Toby running ahead of him was a solidly bright light from the top of his head to the soles of his feet. Grant felt like he could almost reach out and dabble through Toby’s aura like mixing finger paints. Sunshine yellow was the predominant shade, with a more silvery cast flaring around his head like an aurora. Flyboy’s could almost be as bright, especially when he was focussed on saving people.
Like now.
Toby ran before him and there was a warm hand on his back pushing him forward as they dodged through the traffic across the street. A car horn beeped. Grant flinched away as the knife-like sound cut at him. A screech of brakes ahead. A yell behind. Grant clapped his hands over his ears.
“No. No. No.”
The hand on his back shifted and he was lost. There was a dull, fleshy sounding thump.
Grant ducked low and bolted between moving cars and honking buses, trying to find the darkest corner in the world.
“Squirrel!”
~*~
Flyboy’s baby brother -- Toby Logan, Paramedic -- crouched before him. “You back with me?”
Grant shifted further into the space between the dumpster and wall. It was tight but it wasn’t dark enough.
“It was noisy, wasn’t it,” Toby said. “And, wow, you can run fast, like a rabbit.”

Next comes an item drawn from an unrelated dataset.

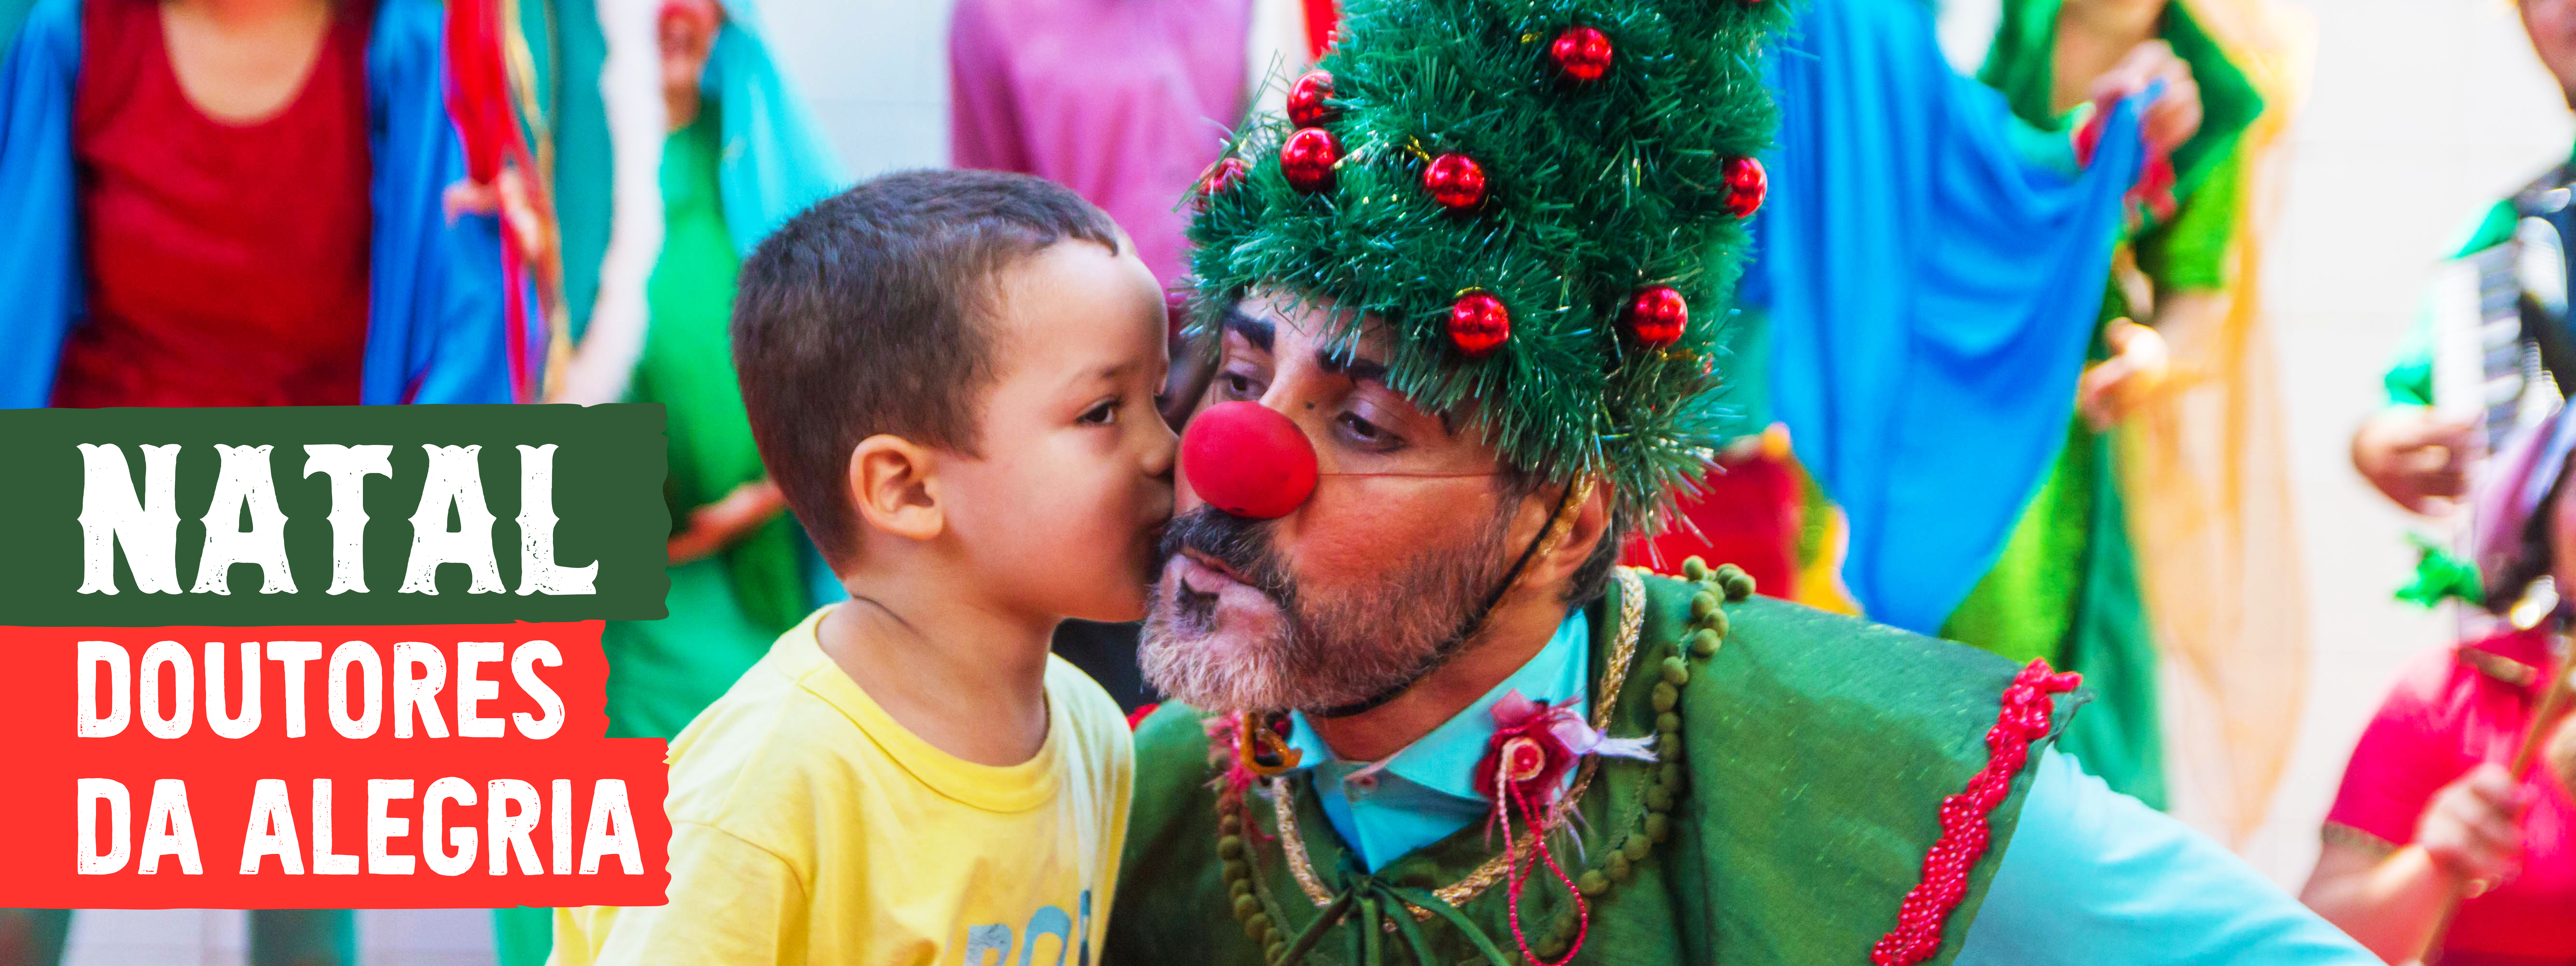 Doutores da Alegria leva cortejo e espetáculo natalinos a hospitais públicos de Recife, SP e RJ

“Squirrel,” Grant corrected.
Toby smiled and then snorted out a laugh. “It’s so weird. You’re thinking a mind storm. I can’t get any sense of you.” He held out his hand. “Come on, Squirrel.”
Slowly, Grant curled his fingers around Toby’s narrower span. He shuffled his way out of the little nook.
The walls curved above his head like a practical in Einstein’s physics. If he threw a ball against a wall, would the world’s spinning slow down? Grant hunched down away from their looming height.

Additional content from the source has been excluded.